The whole listing below is to be copied exactly, with every picture left out.

▶ Dataset content:
● ● ● ●

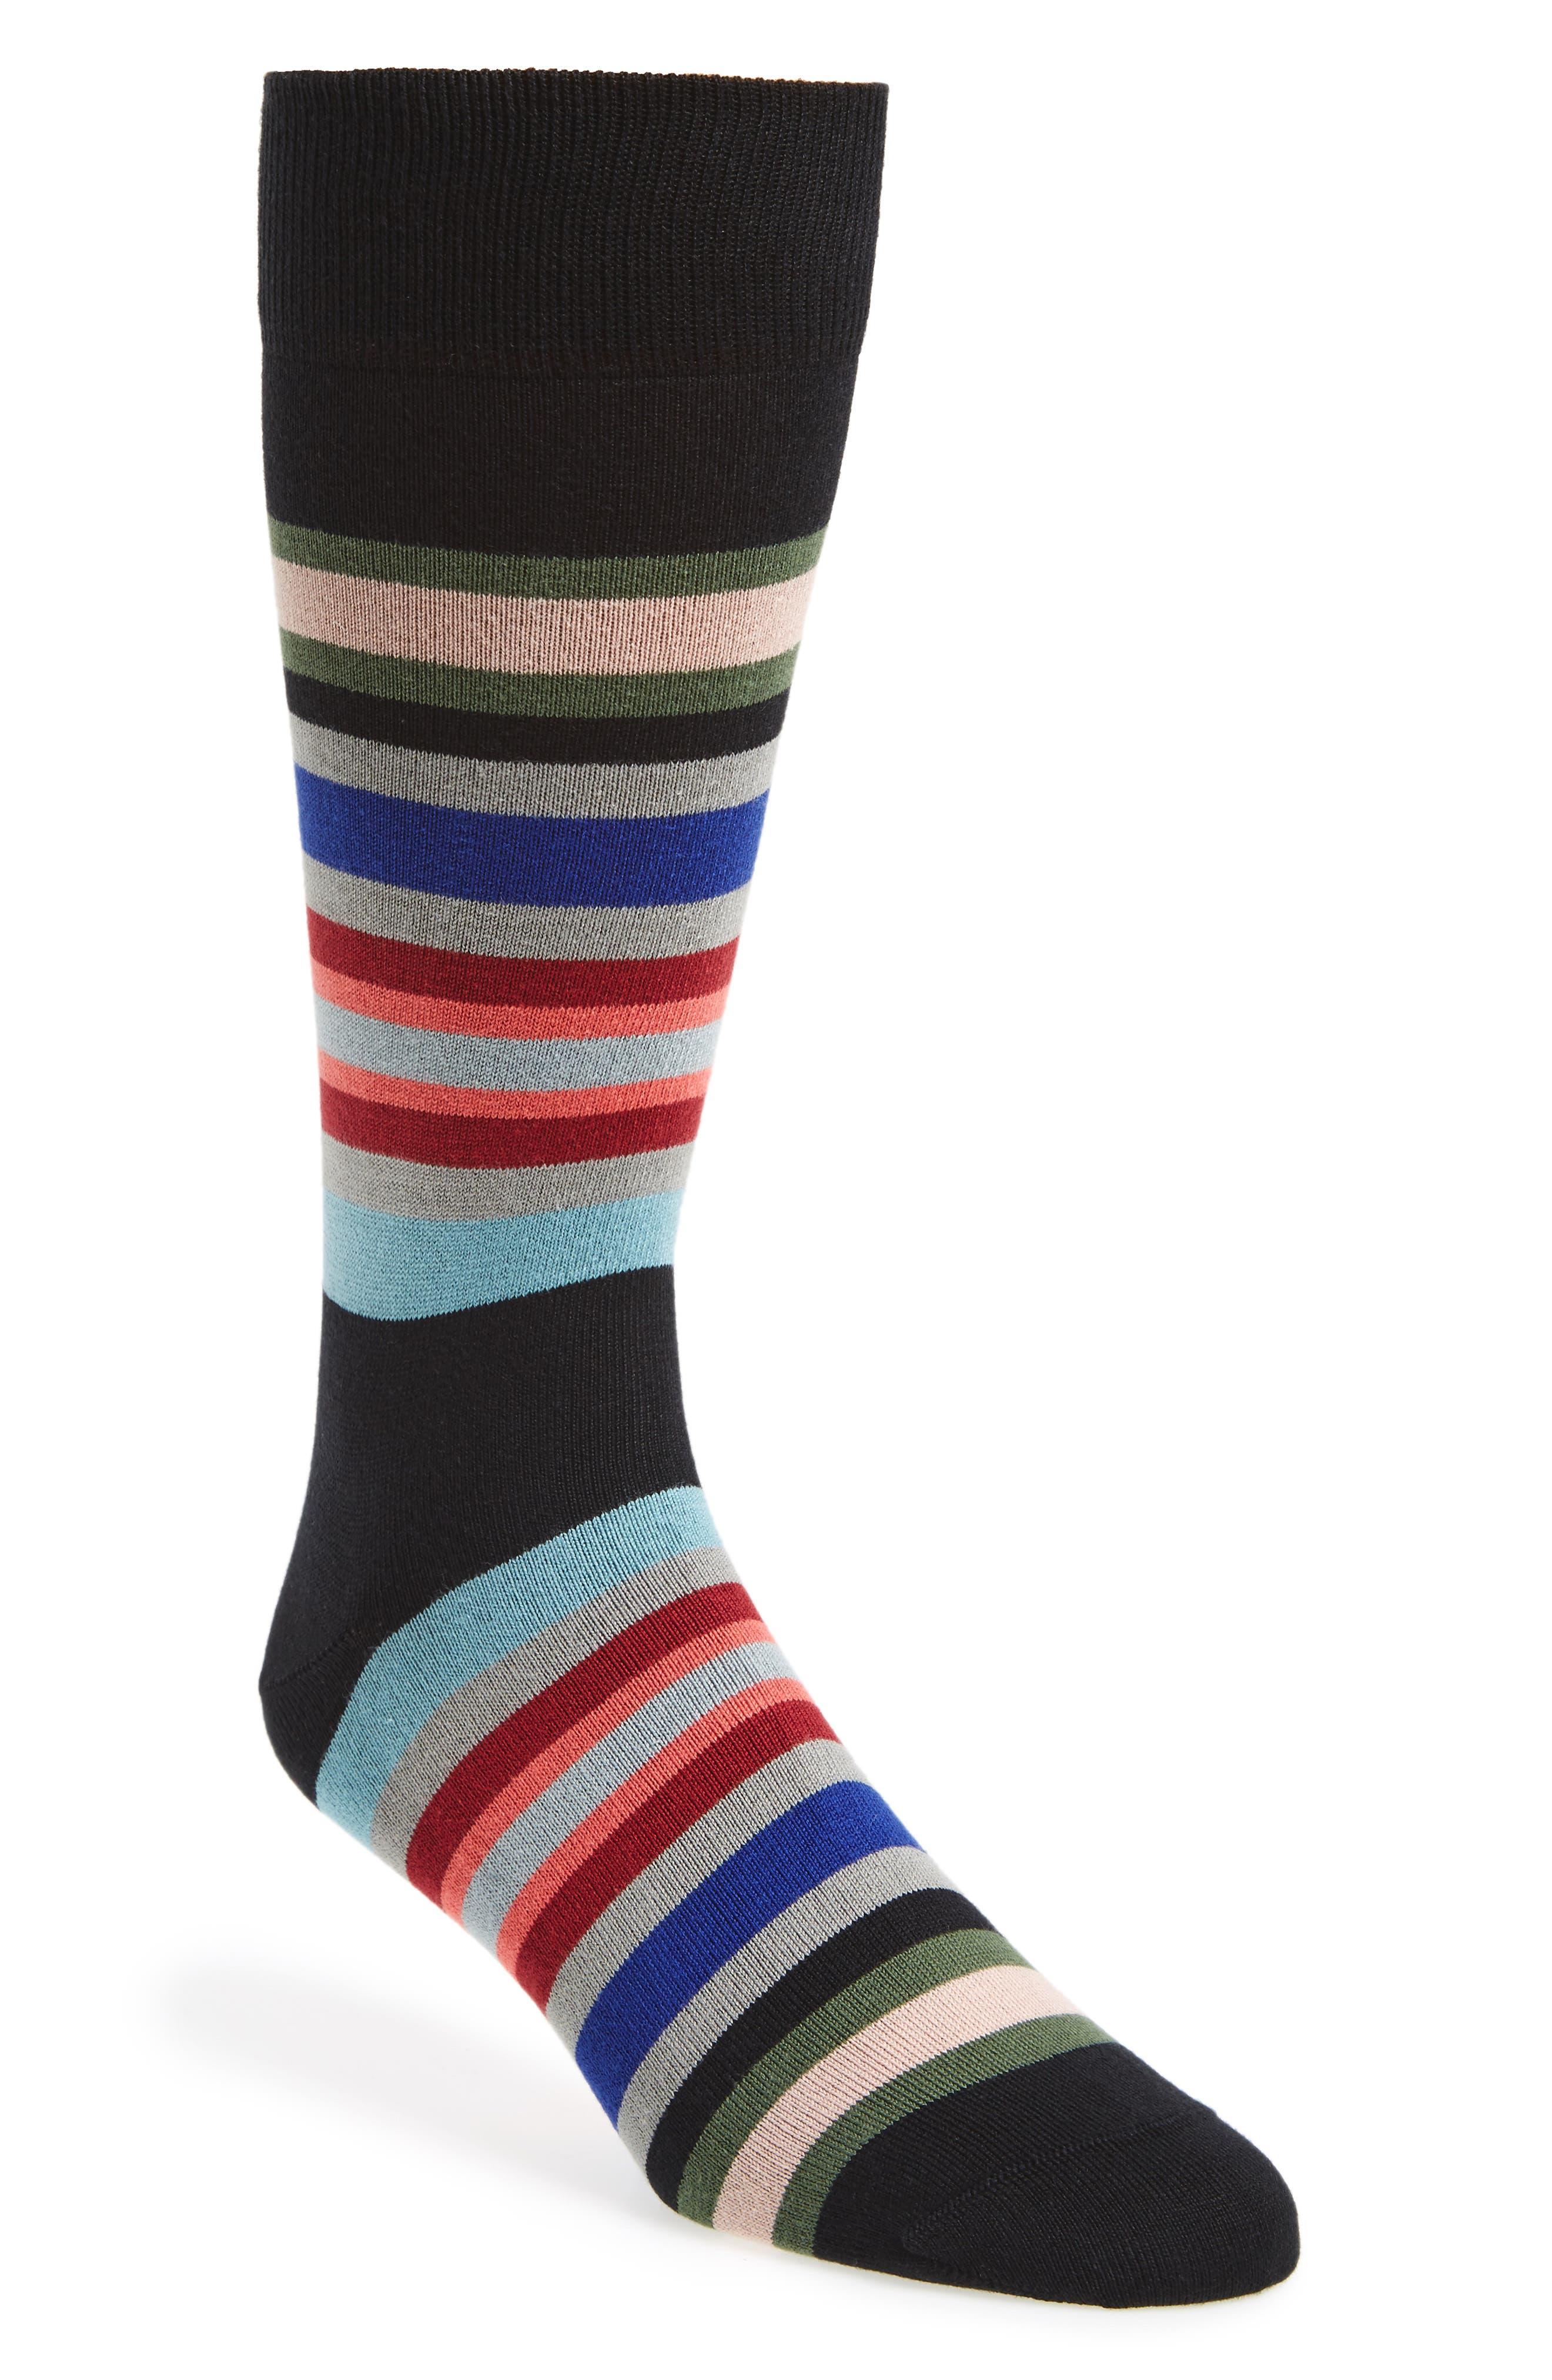 Kew Stripe Socks,                             Main thumbnail 1, color,                             001
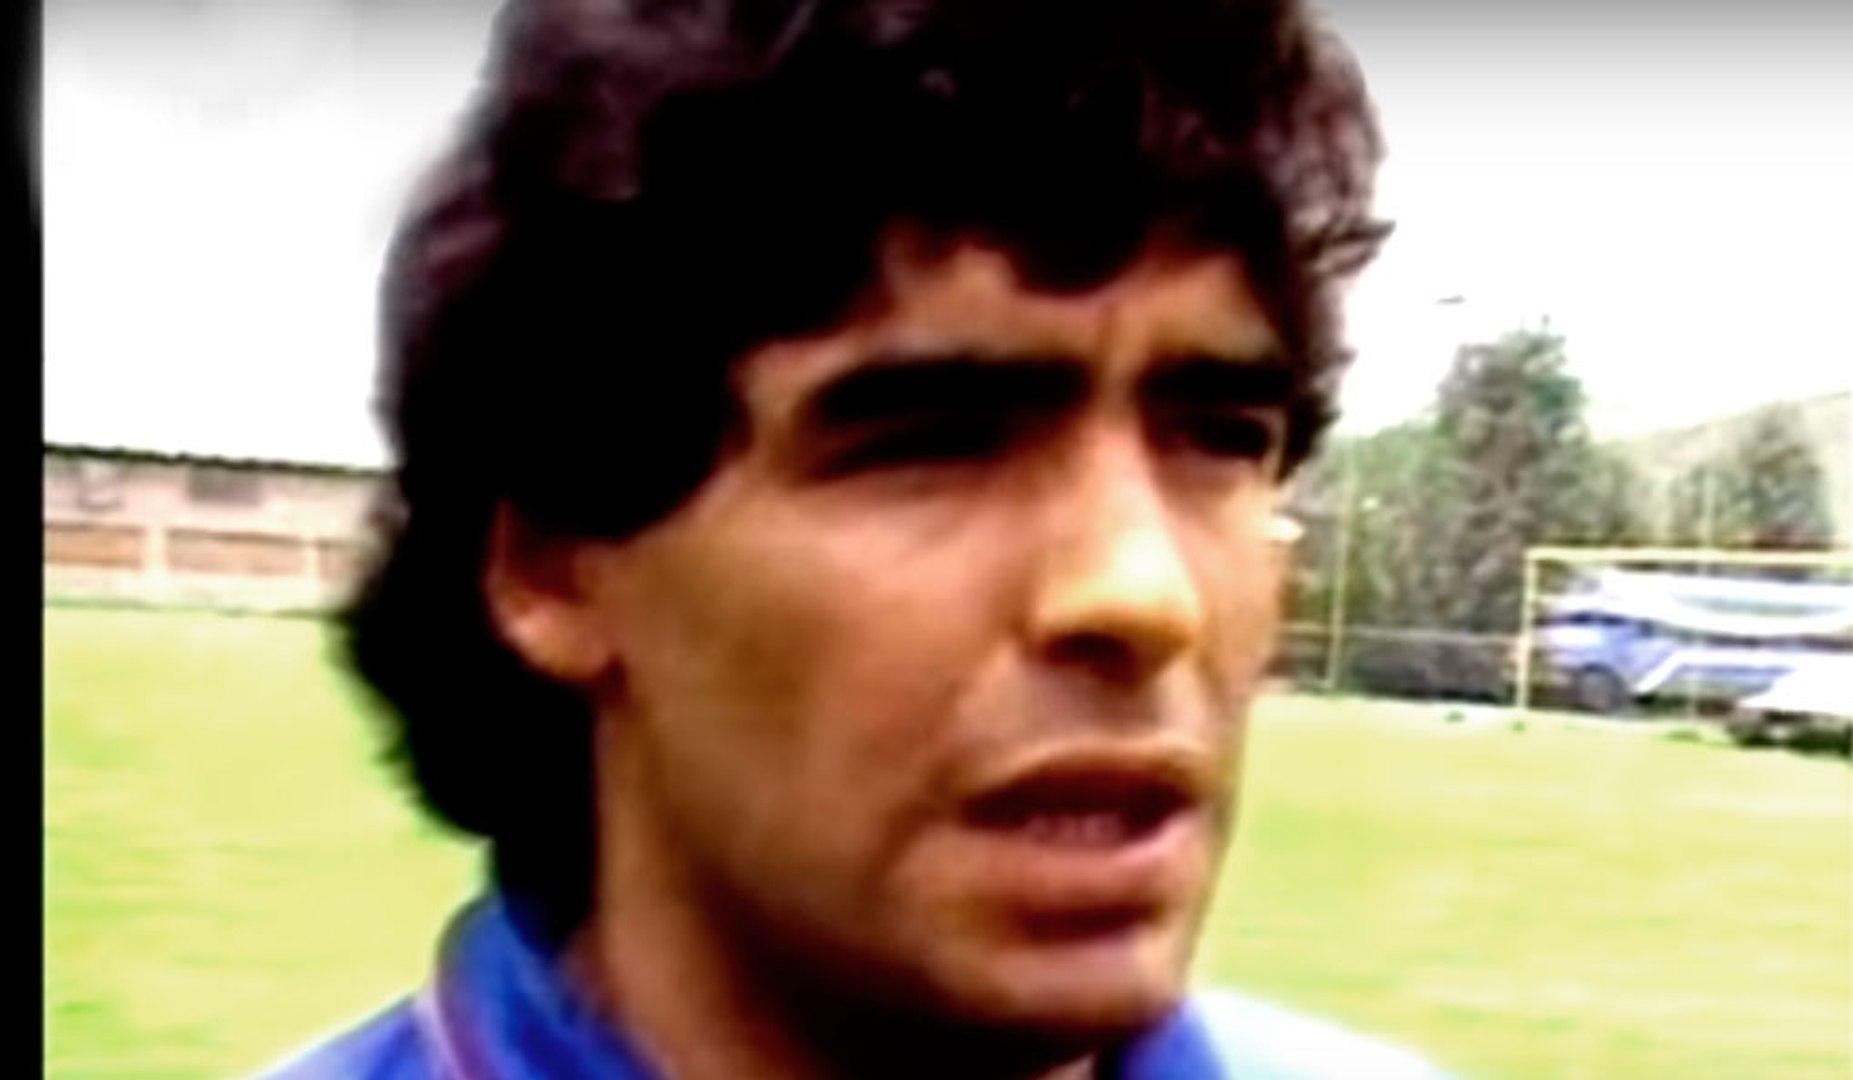 Mundial México 1986 - Previa Argentina vs Alemania - Entrevista Valdano, Maradona - Celebración
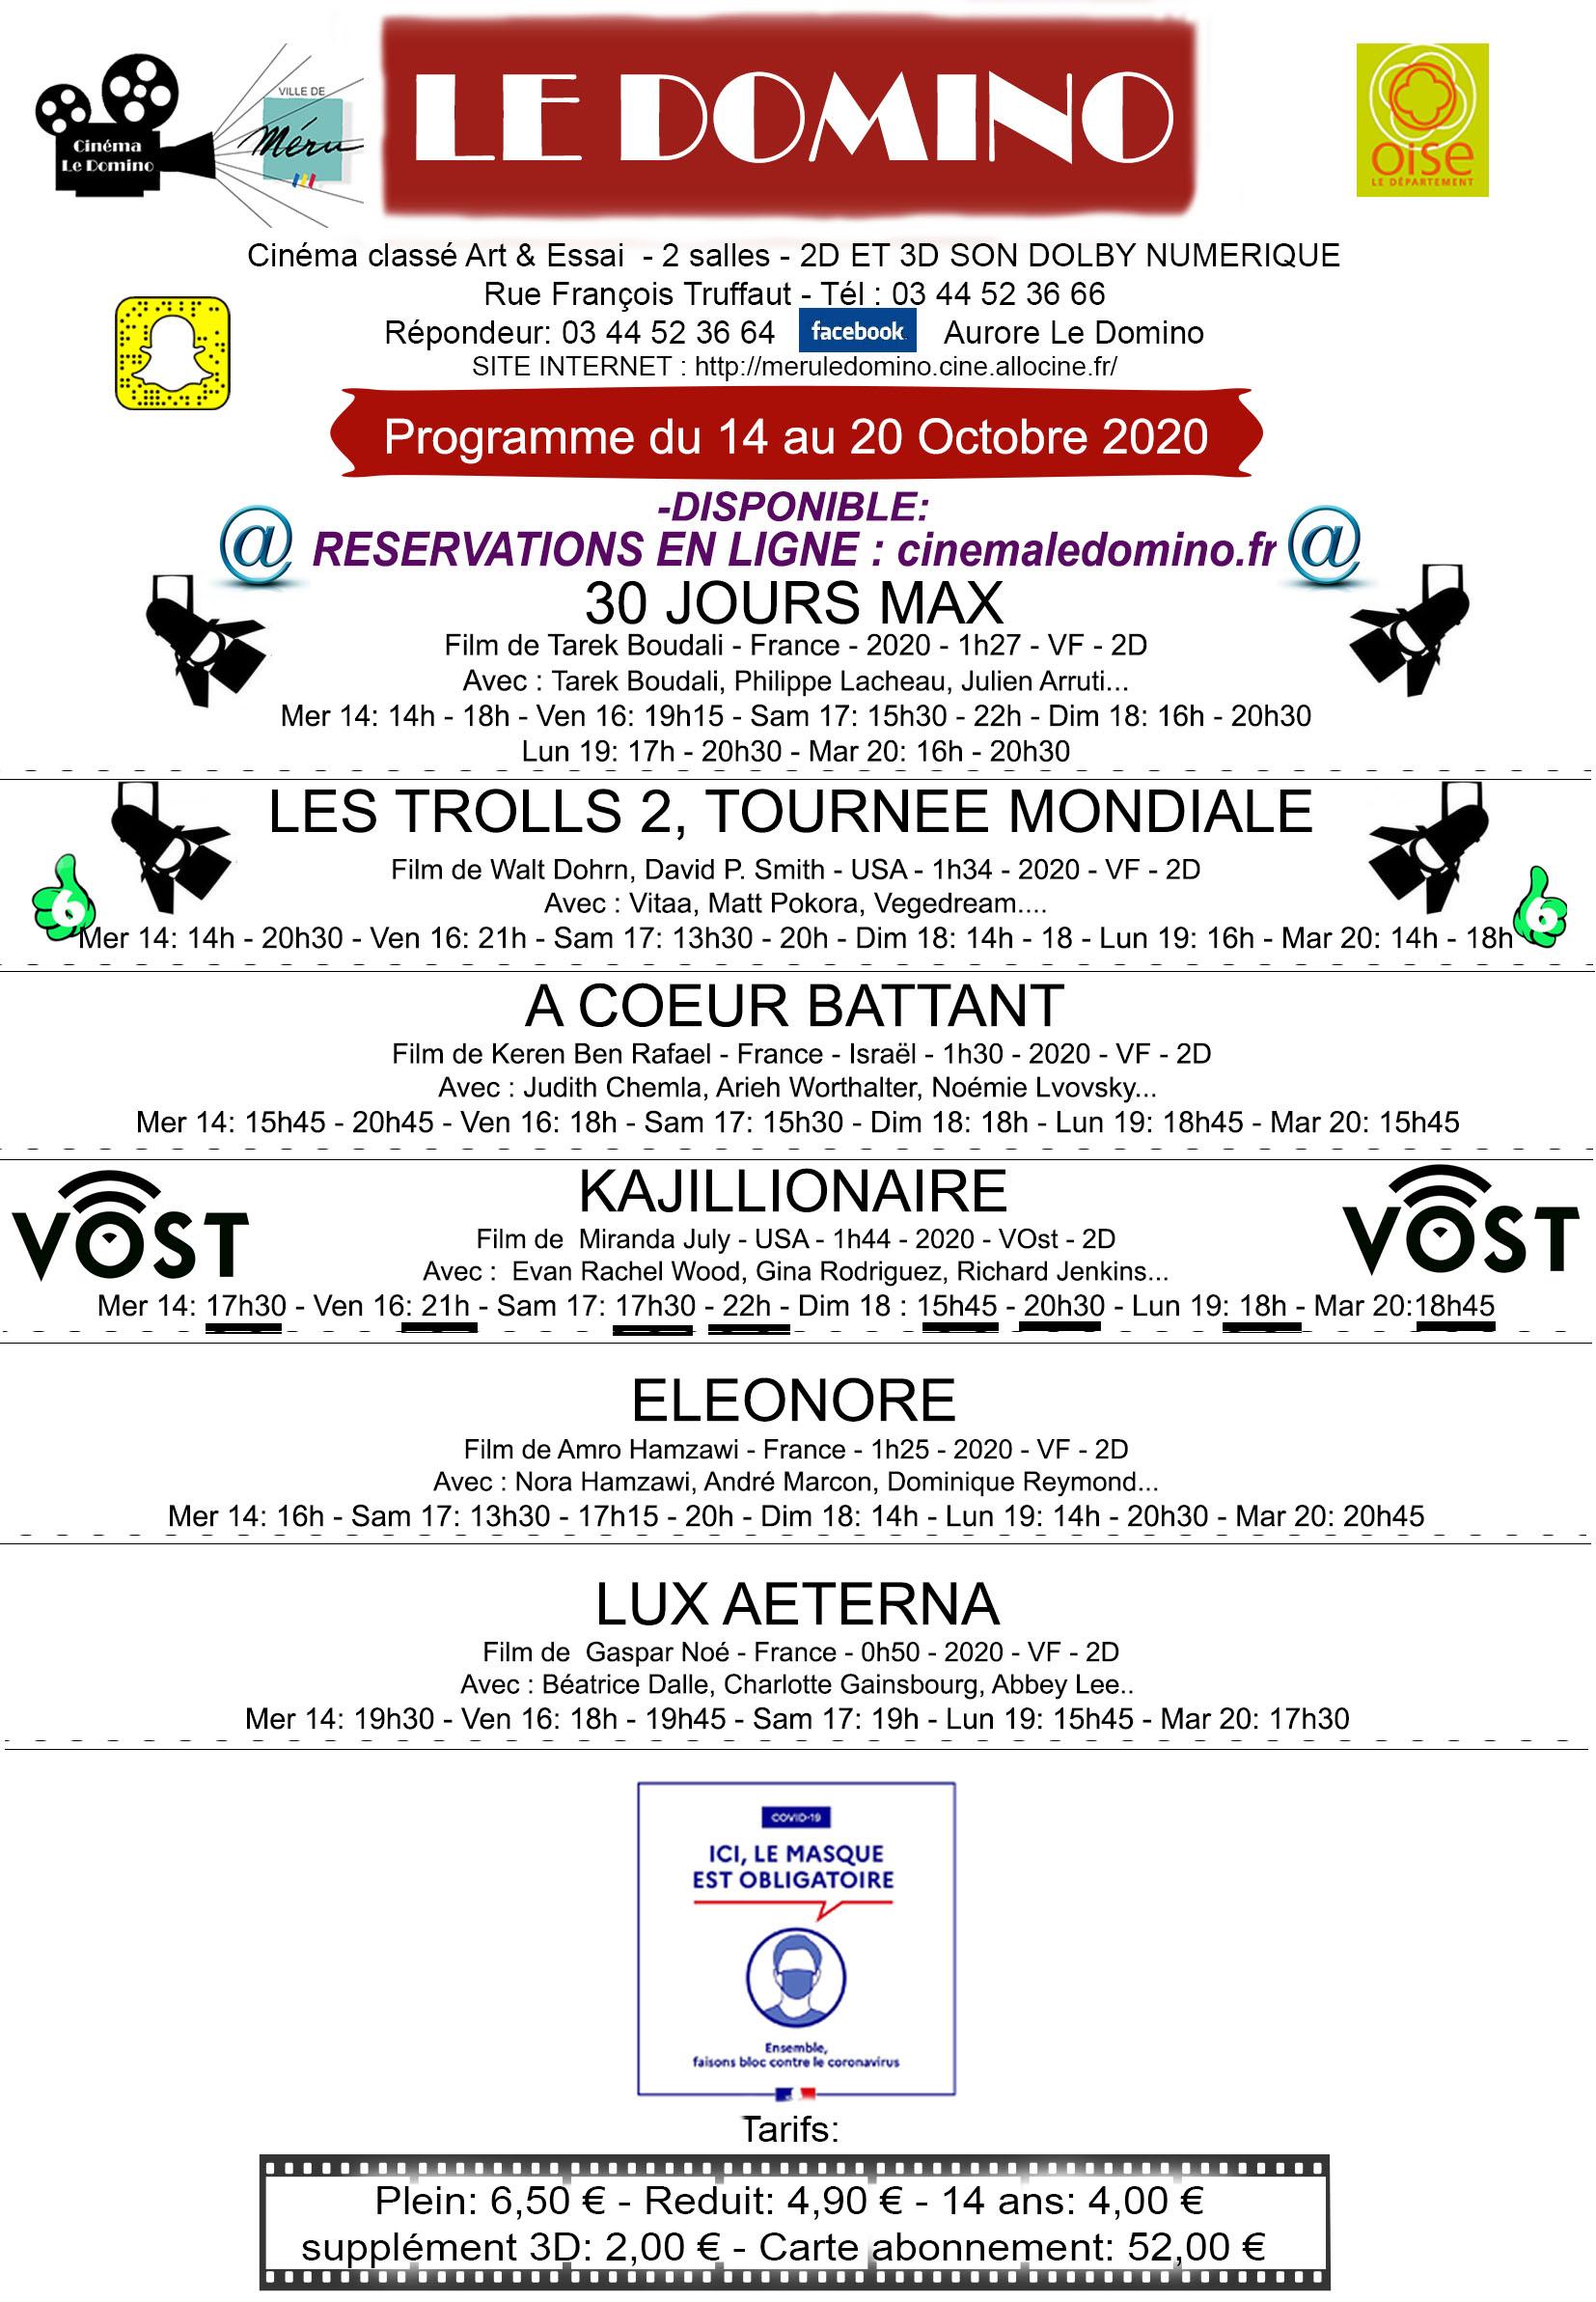 Programme cinéma Le Domino, crédit photo : Cinéma Le Domino

● ● ● ●

▶ Response area:
 Kew Stripe Socks,                             Main thumbnail 1, color,                             001
 Mundial México 1986 - Previa Argentina vs Alemania - Entrevista Valdano, Maradona - Celebración
 Programme cinéma Le Domino, crédit photo : Cinéma Le Domino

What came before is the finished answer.